The Henderson County Fiscal Court on Tuesday sent a battery energy storage systems ordinance to the Henderson-Henderson County Joint Planning Commission so that it can hold a public hearing on the proposal.
That public hearing most likely will occur at the Feb. 7 meeting of the joint planning commission, said Brian Bishop, executive director of the planning commission.
The battery storage ordinance is largely the same as what the Henderson Board of Commissioners approved in November. There are slight differences, though, according to Bishop.
The city ordinance requires that a large battery installation be placed in parcels zoned as heavy industrial, whereas the proposed county ordinance will require those parcels be zoned as heavy industrial or light industrial, Bishop said.
Officials who crafted the city’s ordinance were wary that fires, some massive, have occurred at utility-size battery energy storage systems across the country. They said heavy industrial—with its required 100-foot frontage from an installation to residential property—would allow a larger buffer if a fire were to break out.
These massive fires, called thermal energy runaways, are caused when batteries inside the compartments of a storage system overheat, and experts say the best way to deal with them is to let the fire burn out, according to a previous article in the Hendersonian.
Brad Bickett, the general manager of Henderson Municipal Power and Light, has said thermal runaway events are rare, and technology is improving so that they occur even less often.
Bishop said the space between these installations and residential property is less of a concern in the county because it is much less dense than the city.
Therefore, a light industrial zoning is appropriate because it’s consistent with the type of equipment associated with a battery energy storage system and close proximity of one of these installations to a residential area will not be as likely to be a concern in the county, Bishop said.
Additionally, the nearest residential property to the parcel on Toy Anthoston Road is 1,600 feet away, Bishop said.
Both county and city governments are putting in or have put in ordinances for these installations because energy companies have expressed interest to locate here.
Yellowthroat Energy Storage LLC, a subsidiary of Tenaska Energy, has submitted plans to the joint planning commission staff to build a battery installation on a 35-plus acre parcel on Toy-Anthoston Road, near Airline Road, according to planning commission documents.

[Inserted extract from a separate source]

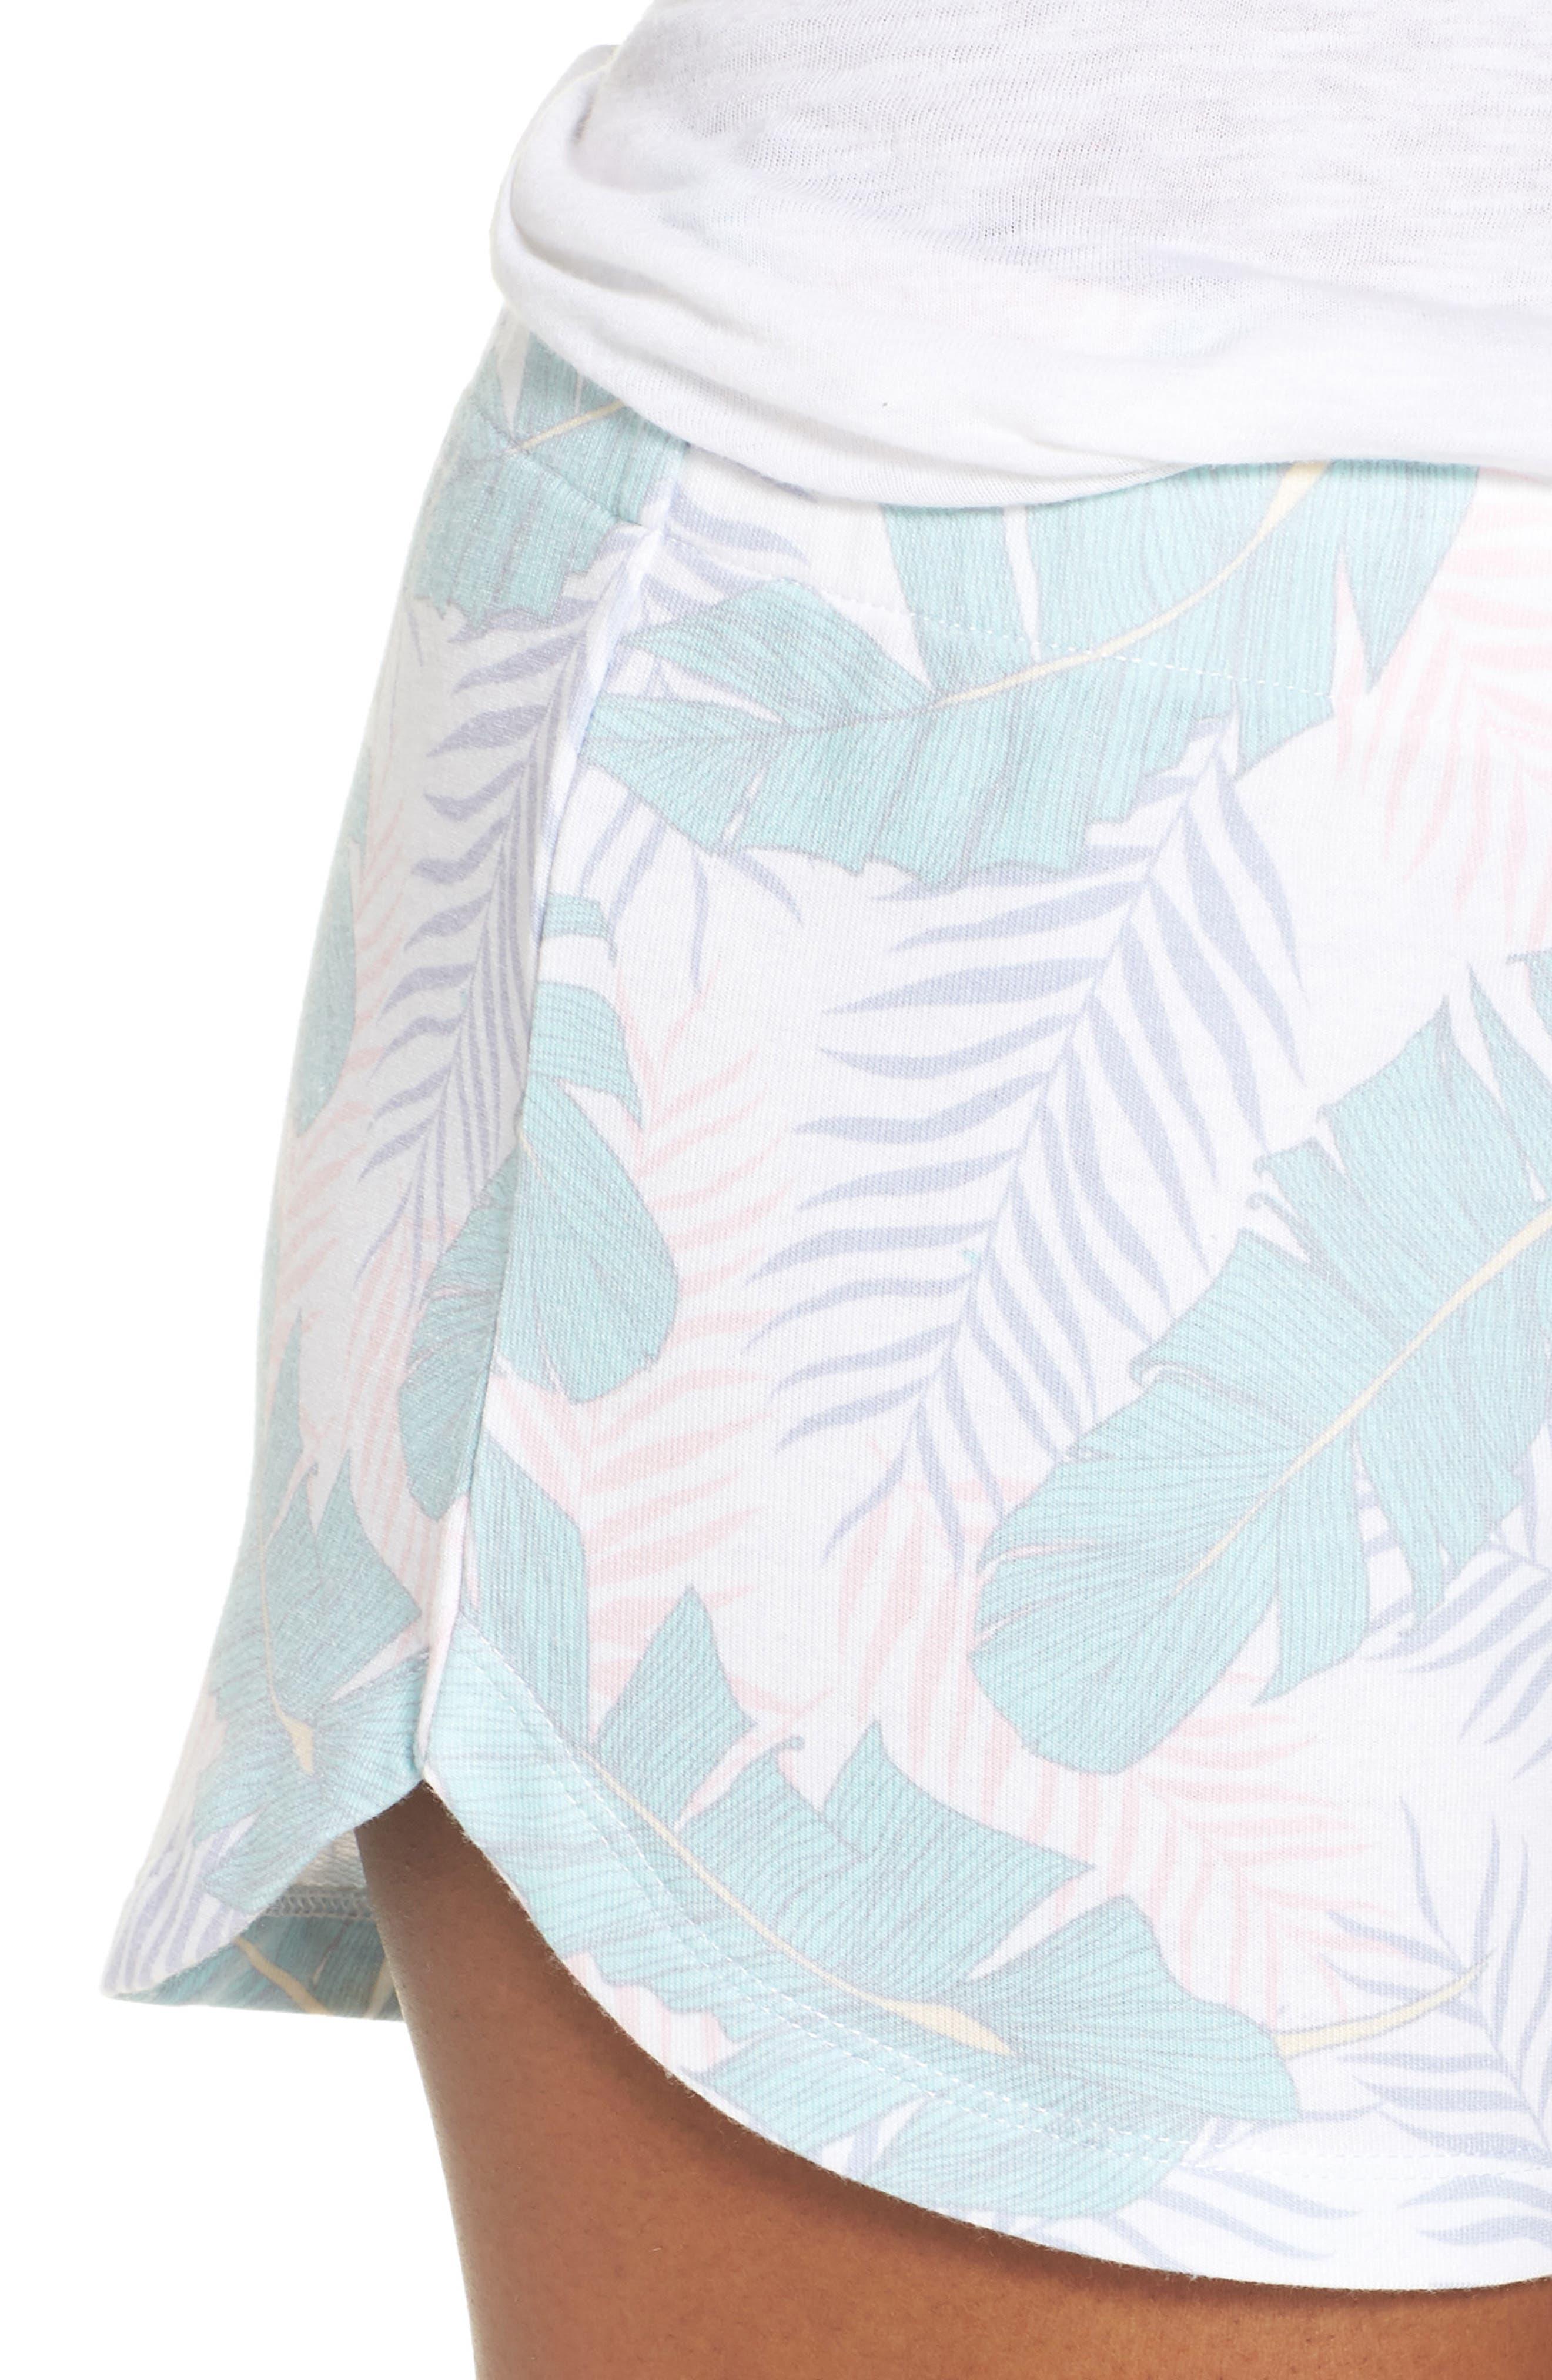 Lounge Shorts,                             Alternate thumbnail 6, color,                             White

The land is currently zoned agriculture. The company is requesting the land to be rezoned to light industrial, according to the documents.
Though the parcel of land is 35-plus acres, the installation would be situated in an 8.82 fenced-in enclosure of the re-zoned land, documents show.
In other news from Tuesday’s Fiscal Court meeting:
- Jailer Bruce Todd said the detention center has purchased a new body scanner. He said the Tek84 Intercept body scanner will allow jail employees to detect and confiscate drugs and weapons that inmates attempt to smuggle in.
The equipment costs $151,000 that was paid for with jail funds, Todd said. The detention center also secured a $100,000 grant that went toward the purchase, Todd said.
He also said another positive about the Tek84 is that it can be installed in the jail’s intake area without any renovation.
- Former banker James Orrahood, who now in retirement works security at Columbia, presented an award to the company for all the good it does for the community. To show his appreciation, Orrahood created a unique and ornate model that he presented to company representatives at the meeting. He said it took him six months to complete it.